Migliora la precisione utilizzando calibri certificati ed eseguendo calibrazioni periodiche.
Errori comuni: bussole di dimensioni eccessive che causano slittamenti: risolvere stringendo i controlli di produzione.
Impatto della norma GB/T 6188-2017 sull'industria
Migliora l'affidabilità dei dispositivi di fissaggio in fase di ricerca e sviluppo, riducendo i tassi di guasto nei progetti.
Contribuisce al controllo qualità standardizzando le ispezioni e garantendo la coerenza del prodotto.
Applicazioni: nei motori automobilistici si utilizzano bussole T30 per bulloni ad alta coppia di serraggio; nel settore aerospaziale si impiegano bussole T50 per leghe leggere.
Domande frequenti
- Qual è la differenza tra unità esalobate ed esagonali?
- Rispetto alle viti esagonali (Allen), le viti esalobulari (Torx) offrono una migliore distribuzione della coppia e una maggiore resistenza allo slittamento, risultando ideali per l'assemblaggio automatizzato.
- Come scegliere la misura corretta della bussola per un bullone?
- La scelta deve basarsi sul diametro della filettatura e sui requisiti di coppia; fare riferimento alla Tabella 2 per le dimensioni che garantiscono la compatibilità senza superare i limiti del materiale.
- Quali sono i problemi più comuni nella produzione di zoccoli esalobulari?

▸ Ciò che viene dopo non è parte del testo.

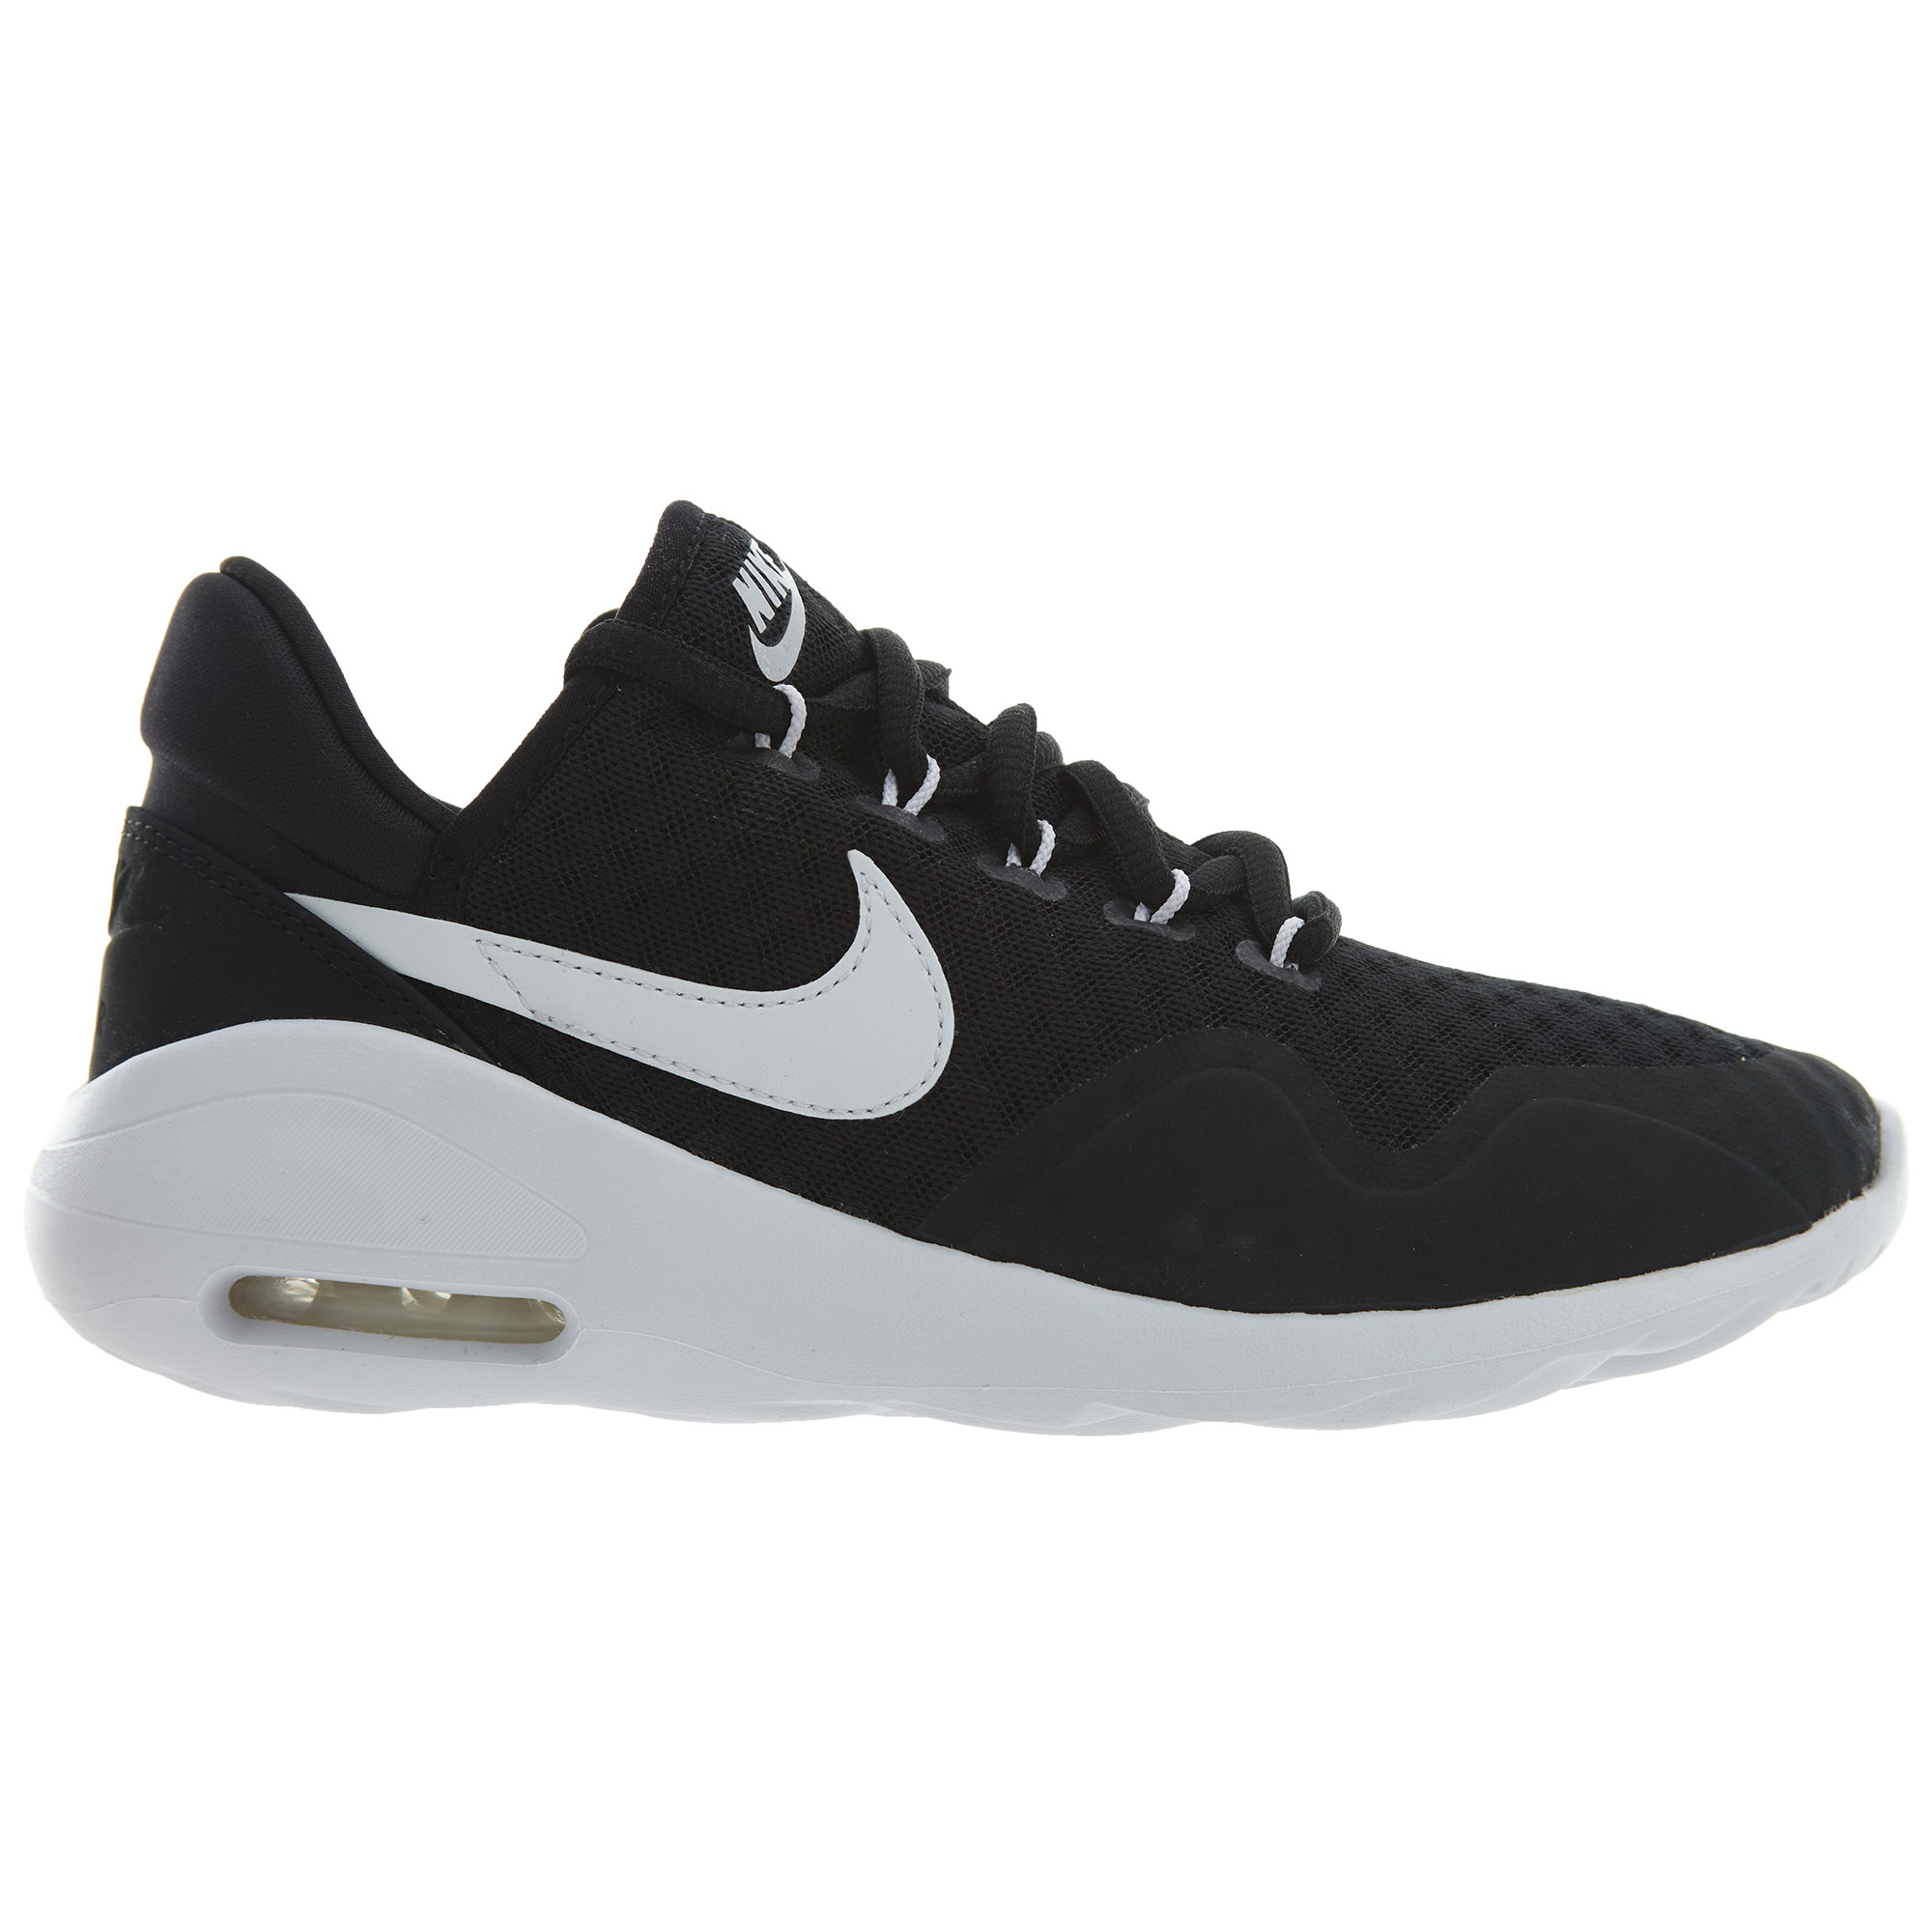 Nike Air Max Sasha Black White-Black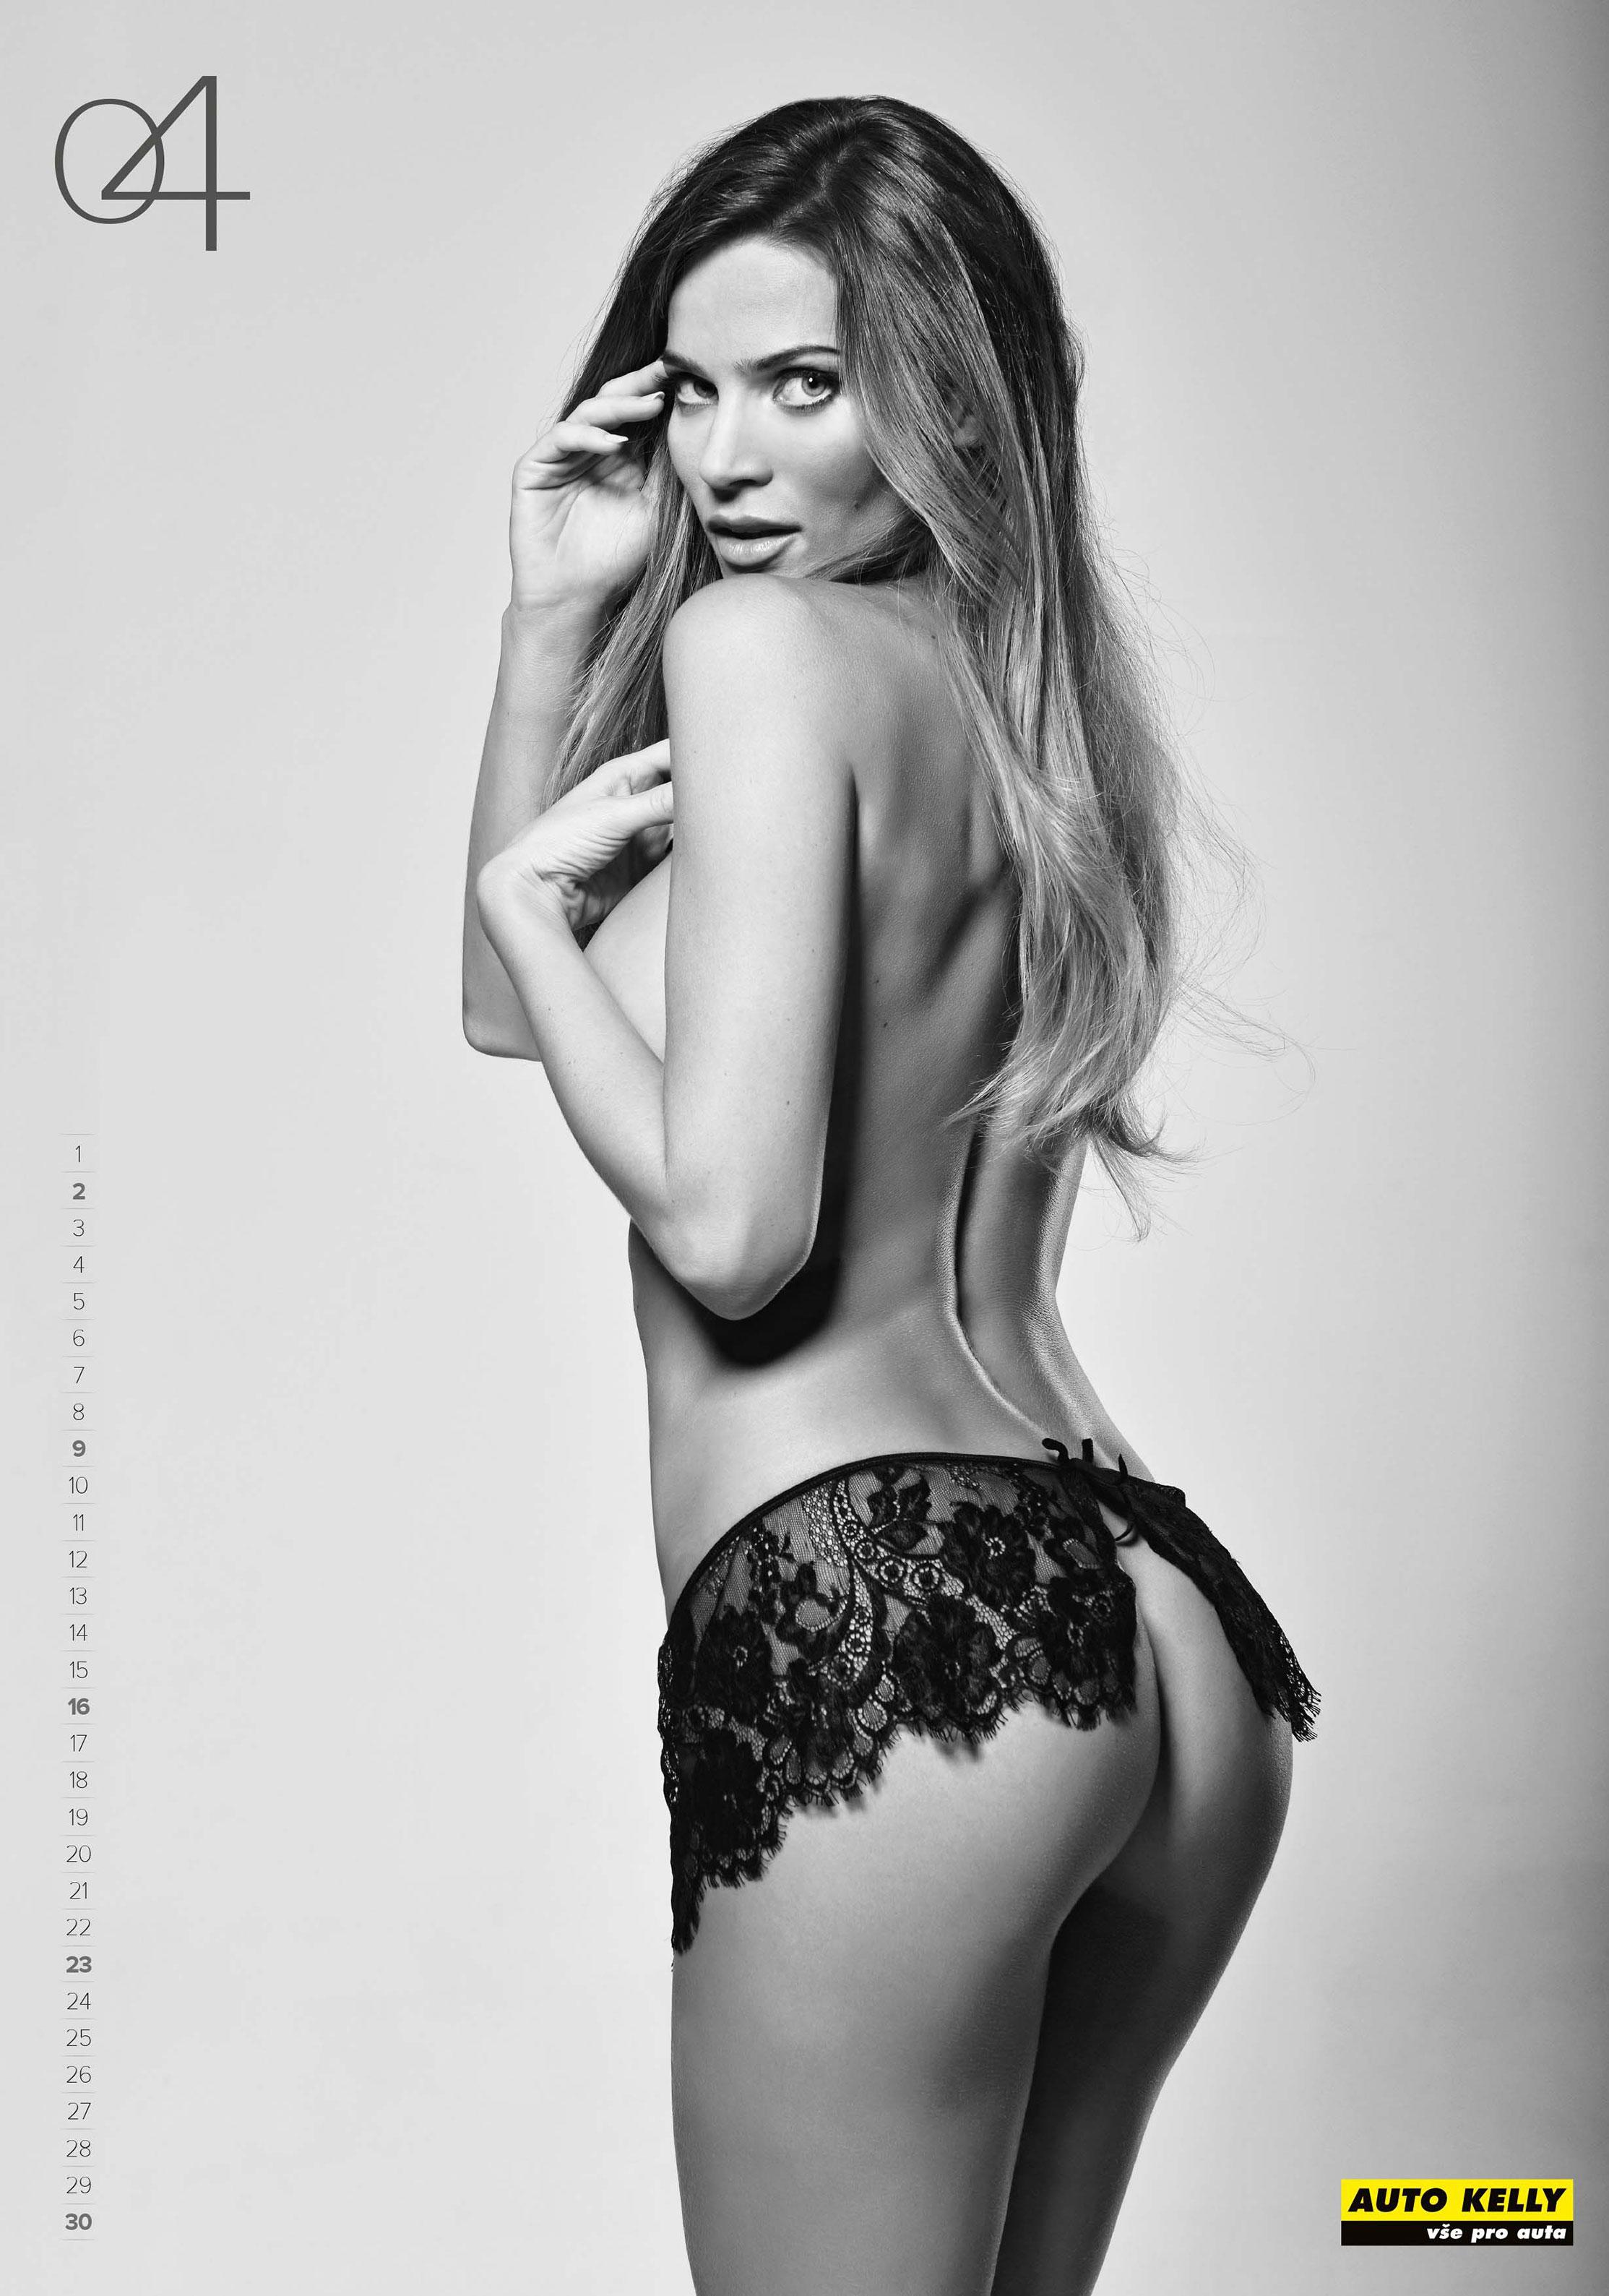 Мисс Словакия Андреа Вересова / Andrea Veresova - Auto Kelly 2017 calendar

- Tra i problemi riscontrati vi sono raggi di curvatura dei lobi non uniformi che causano uno scarso innesto dell'utensile; per mitigarli, si utilizzano stampi di precisione e si effettuano ispezioni post-processo.
- La norma GB/T 6188-2017 è compatibile con la norma ISO 10664?
- Sì, la compatibilità è elevata, consentendo l'intercambiabilità nelle catene di approvvigionamento globali, ma è necessario verificare le tolleranze per le applicazioni critiche.
- Quale manutenzione è necessaria per gli utensili di azionamento esalobati?
- Controllare regolarmente l'usura dei lobi; sostituirli se la profondità di penetrazione si discosta dai valori f riportati nella Tabella 2 per evitare danni al dispositivo di fissaggio.
- È possibile utilizzare prese esalobulari in ambienti corrosivi?
- Sì, con elementi di fissaggio in acciaio inossidabile o rivestiti; assicurarsi che i rivestimenti non alterino le dimensioni dell'incavo oltre le tolleranze.